▶ The data:
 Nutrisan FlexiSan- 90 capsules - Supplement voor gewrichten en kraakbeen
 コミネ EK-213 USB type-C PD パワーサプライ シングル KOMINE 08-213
* * *
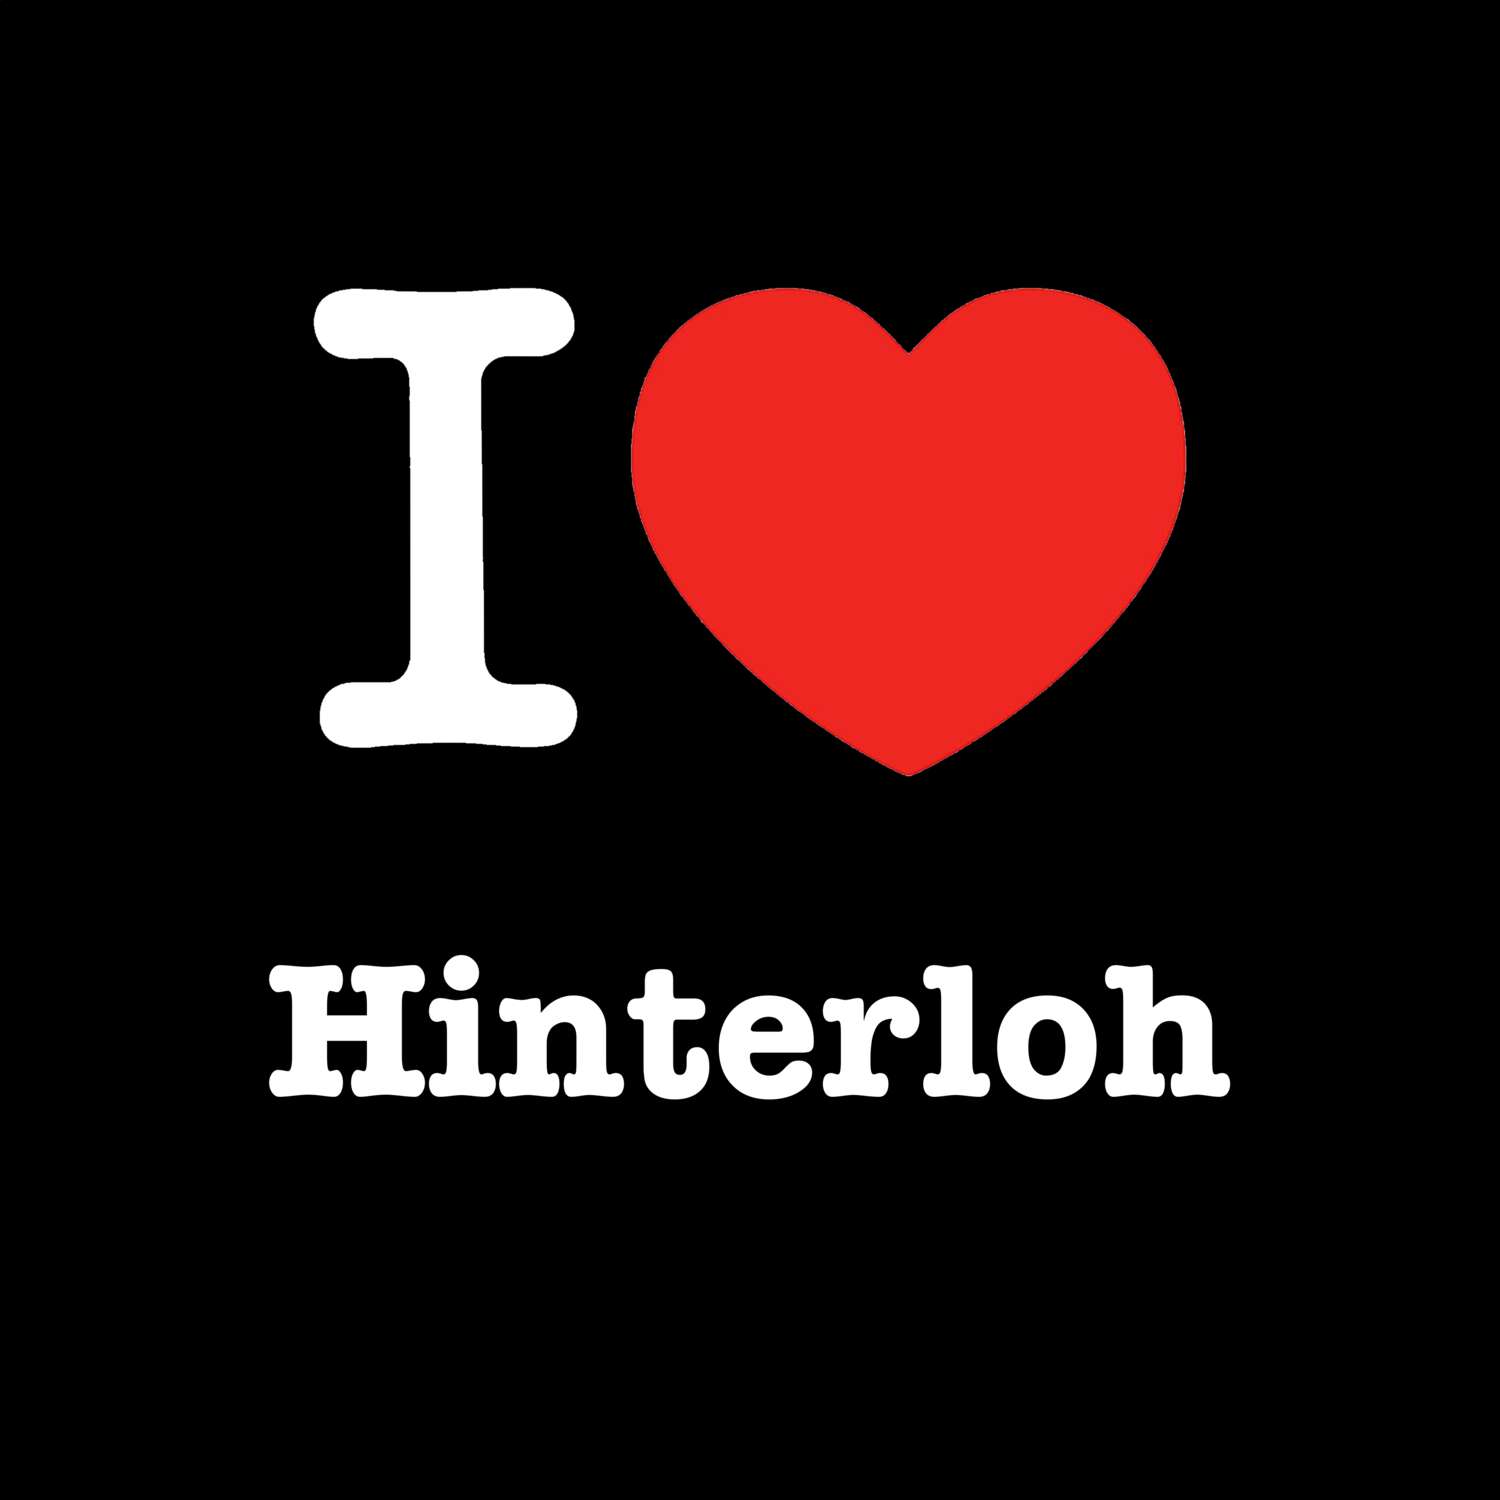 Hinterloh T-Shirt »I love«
---
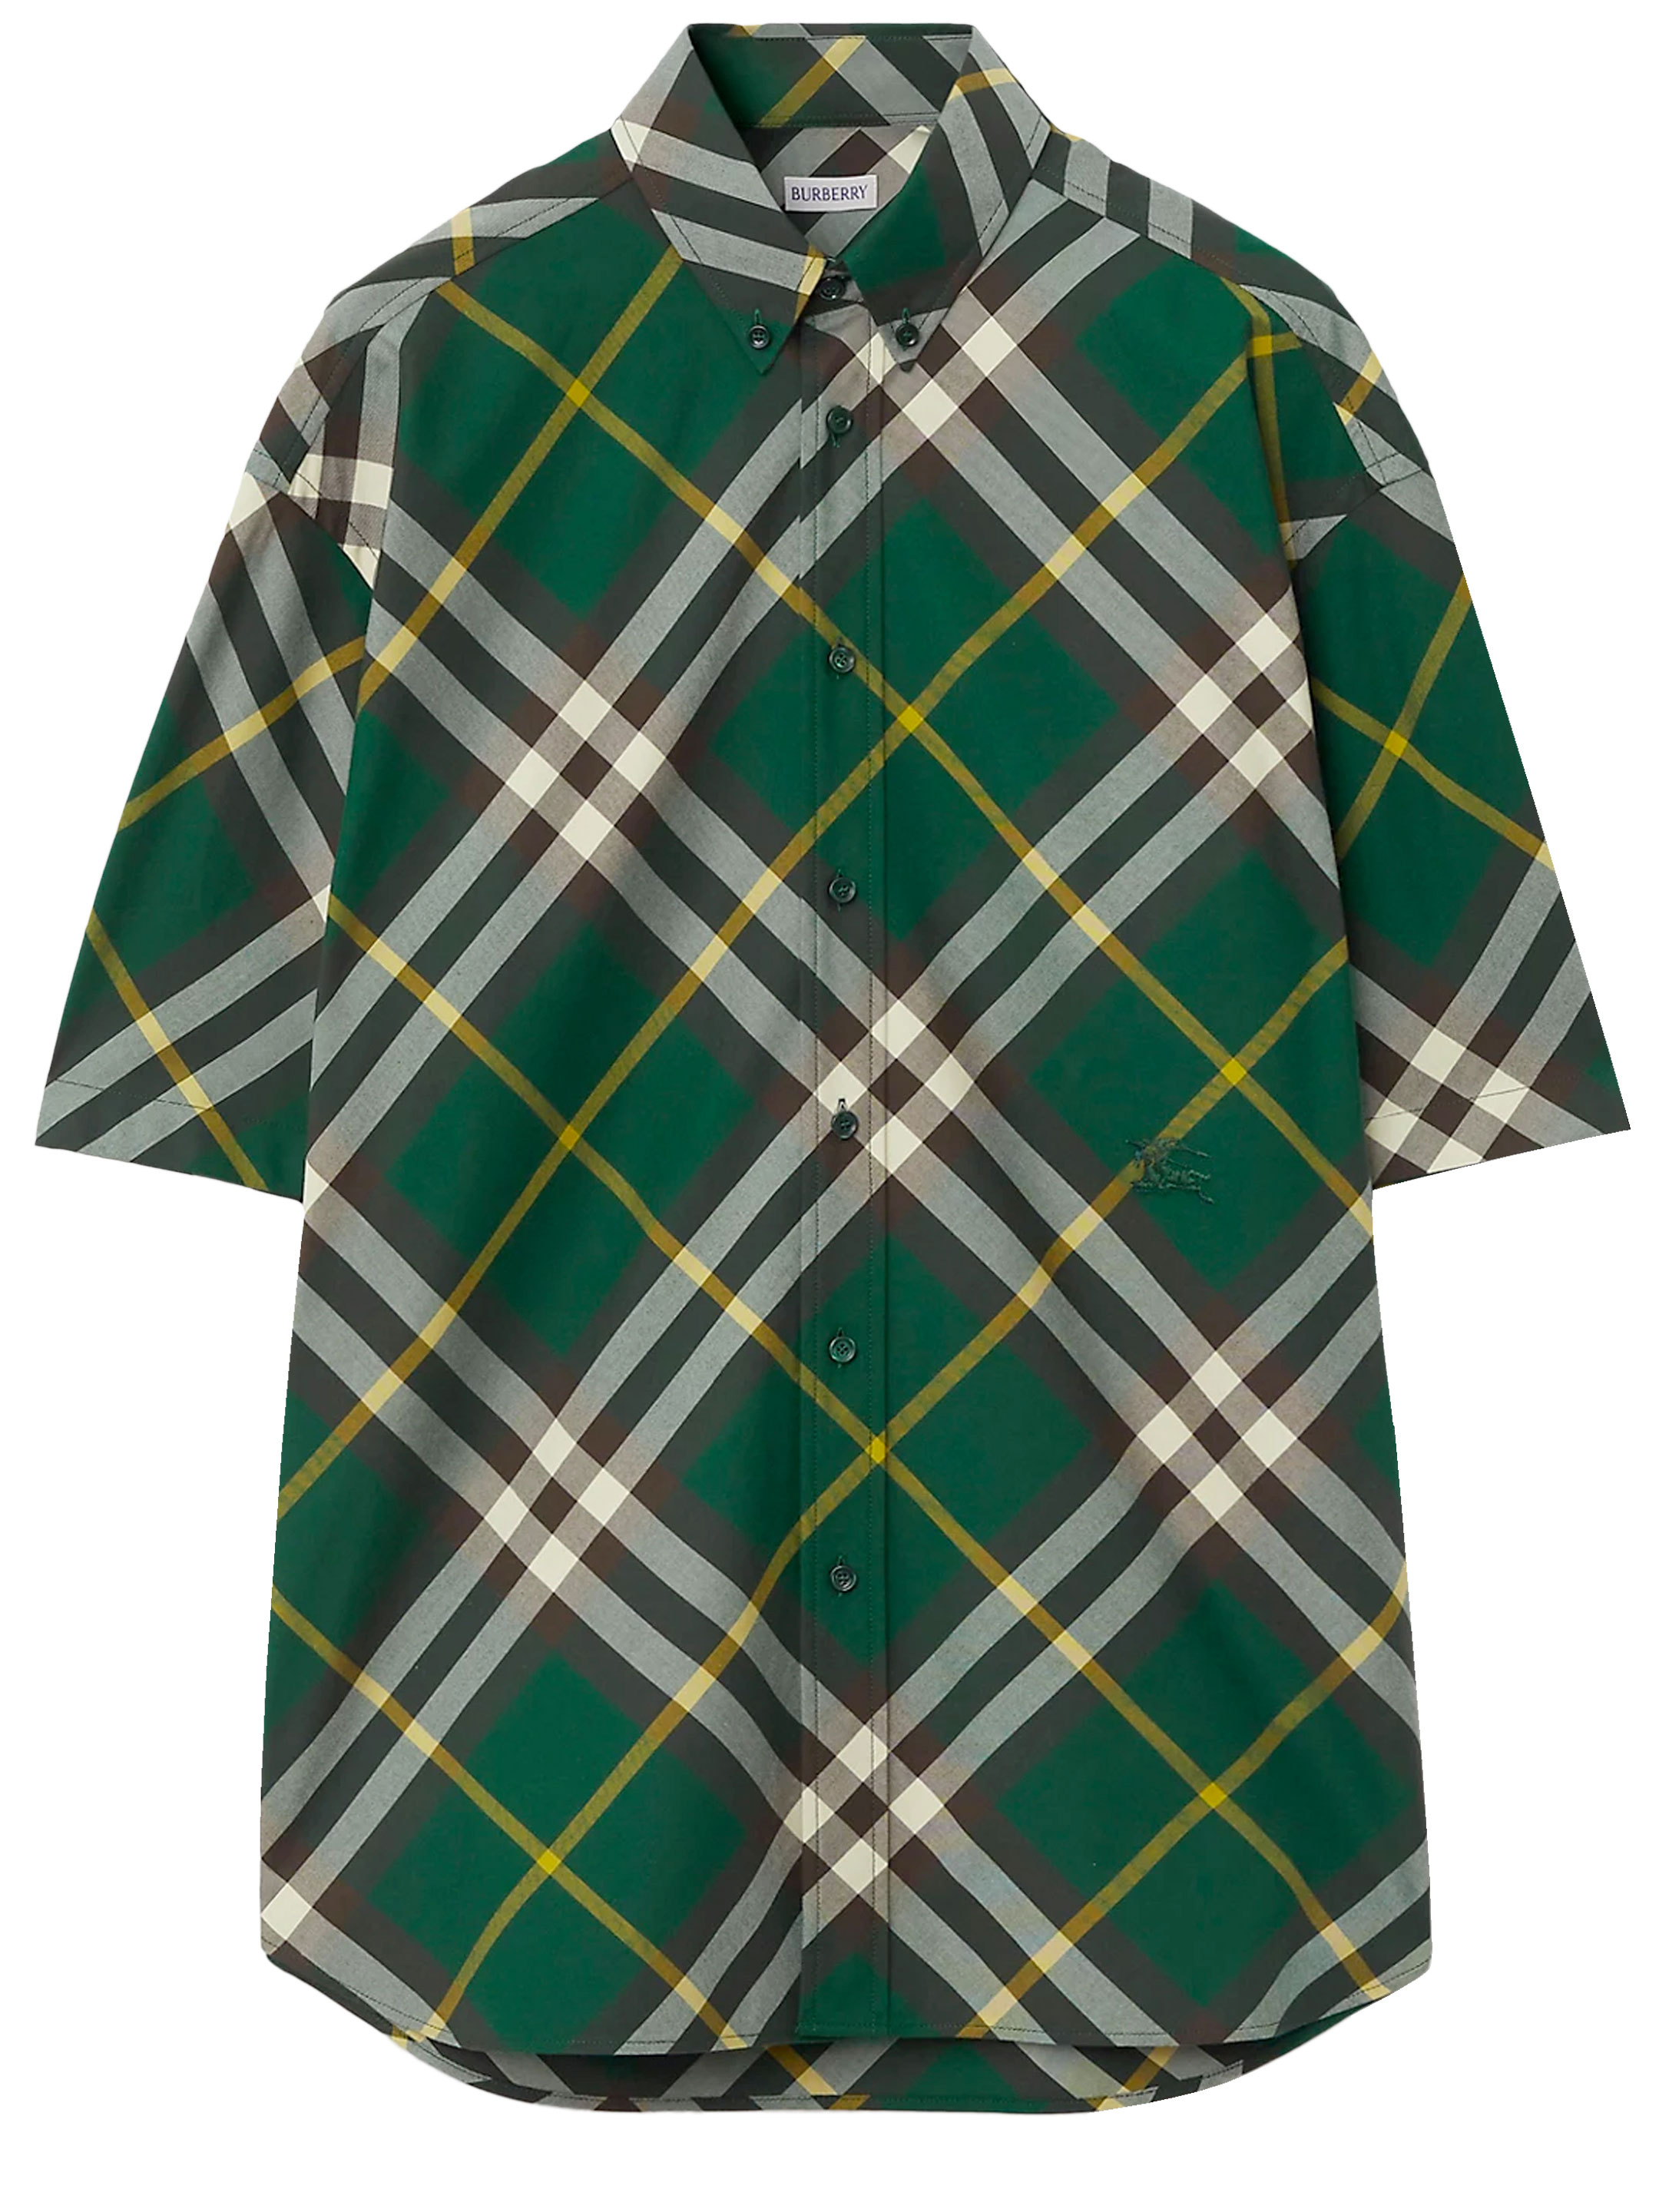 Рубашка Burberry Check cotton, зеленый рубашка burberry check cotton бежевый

▶ Instructions to follow:
Where the line holding "Nutrisan FlexiSan- 90" appears in the listing above, start reproducing exactly, and end with the line holding "コミネ EK-213 USB".

▶ Solution for this task:
 Nutrisan FlexiSan- 90 capsules - Supplement voor gewrichten en kraakbeen
 コミネ EK-213 USB type-C PD パワーサプライ シングル KOMINE 08-213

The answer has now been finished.